Which I tweaked ever so slightly, and followed stand mixer instructions thanks to Mdboatbum and his detailed instructions for soft rye bread:

http://www.smokingmeatforums.com/t/119149/finally-soft-rye-bread-for-sandwiches

Here it is:

2 cups warm bottled water (110 degrees F / 45 degrees C)

2/3 cup white sugar

2 tablespoons vital wheat gluten

1 1/2 tablespoons active dry yeast

1 1/2 teaspoons sea salt
1/4 cup vegetable oil
6 cups bread flour
Turn just the light on in the oven so that it gets to about 75° - 80°.  Warm the water on the stove or in the microwave to the proper temperature.

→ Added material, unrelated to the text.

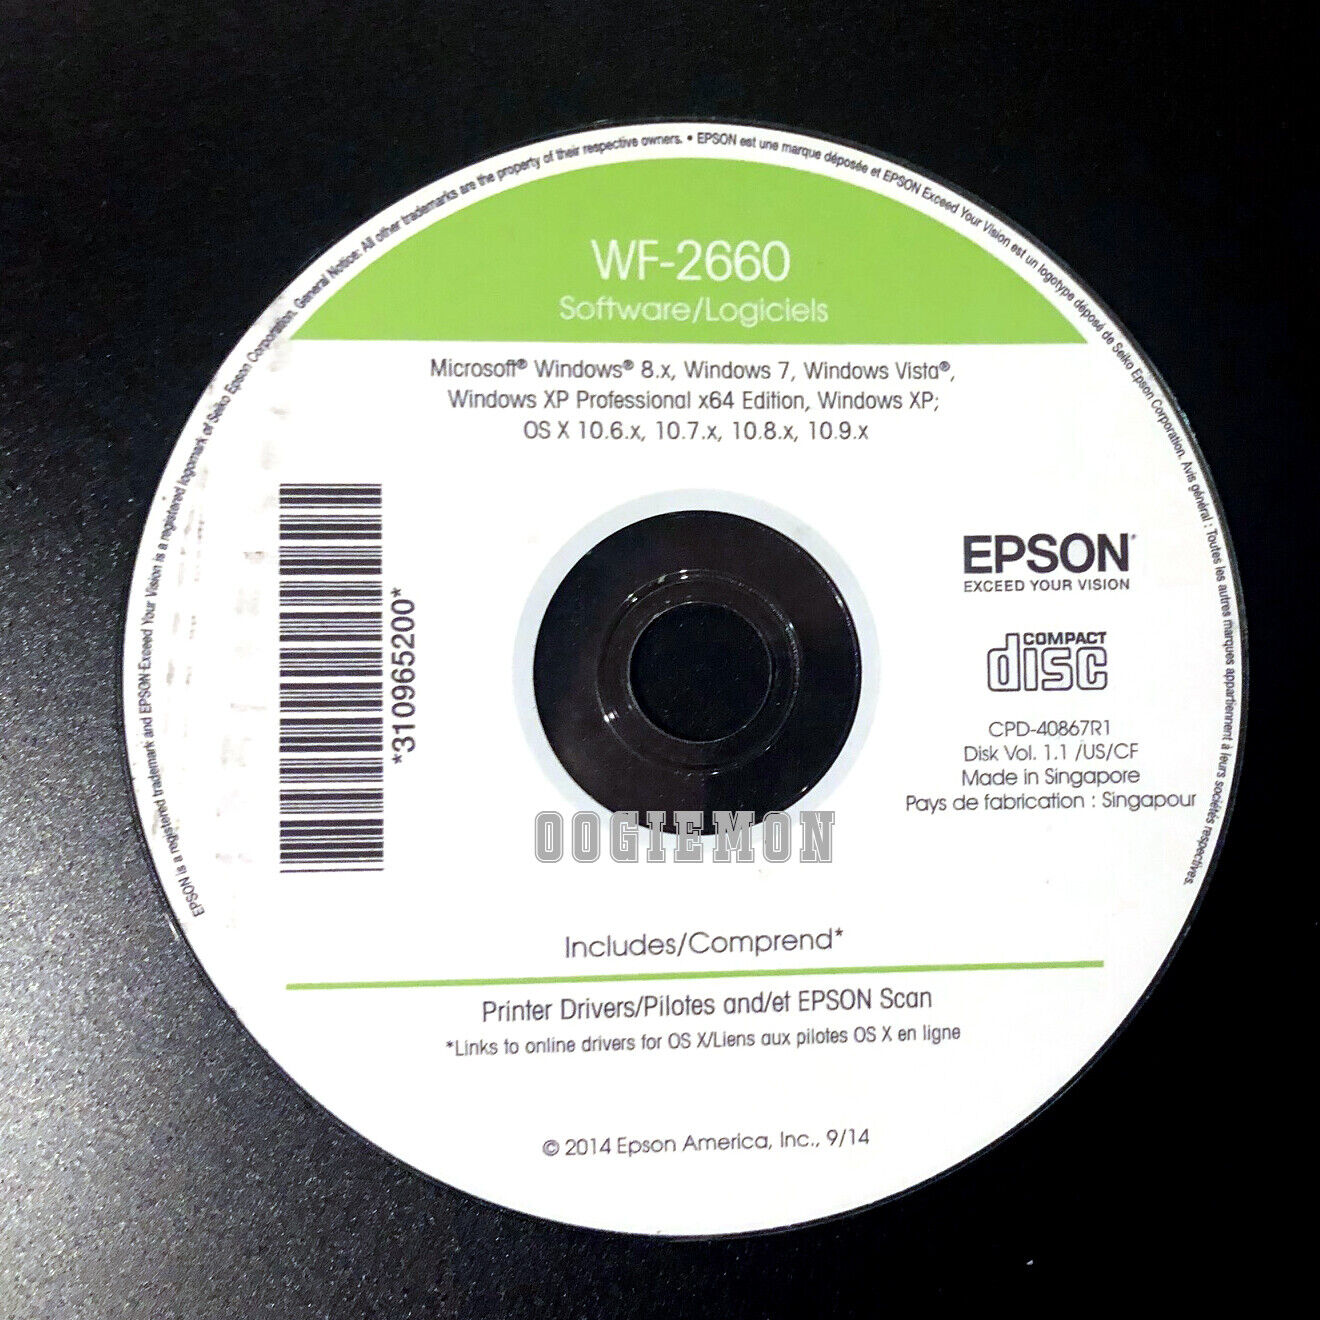 Setup Cd Rom For Epson Workforce Wf-2660 Printer Software For Windows And Macos

Mix the water, sugar, vital wheat gluten and yeast by hand using a whisk in the stand mixer bowl.  Let proof for up to 10 minutes until it becomes very foamy.

Place the mixing bowl in the stand, then using the paddle attachment mix in the oil, salt and 4 cups of the flour on speed #1 until it comes together to form a sticky batter, about 2 minutes.

Change out to the dough hook and add one more cup of flour (5 cups total at this point). Mix this on speed #2 until very well mixed, about 5 minutes. If the weather is extremely dry, this might be enough flour. Usually however, it's not, and the dough remains stuck to the side of the bowl.

Add a quarter cup of flour at a time, kneading a minute or 2 between additions, just until the dough pulls away from the bowl.

When it pulls away from the sides / bottom of the bowl there is enough flour.

Knead on #2 until it looks satiny, about 10 minutes.

Window pane test - tear off a golf ball sized piece of dough and try to make a tiny pizza with it. If it stretches and forms a thin membrane through which you can easily see light, it's done kneading. If it tears too easily,  give it another 2 or 3 minutes.

Take the dough out of the mixing bowl and roll it into a tight ball, turning it under itself until you have a smooth tight skin on the outside. Transfer to a clean, oiled bowl, turning it over a couple times until the dough ball is evenly coated with oil. You'll want the seam side down and the smooth skin side up. Cover it with a clean kitchen towel or loosely with plastic wrap and put in the warmed oven for an hour or so until it doubles in size. 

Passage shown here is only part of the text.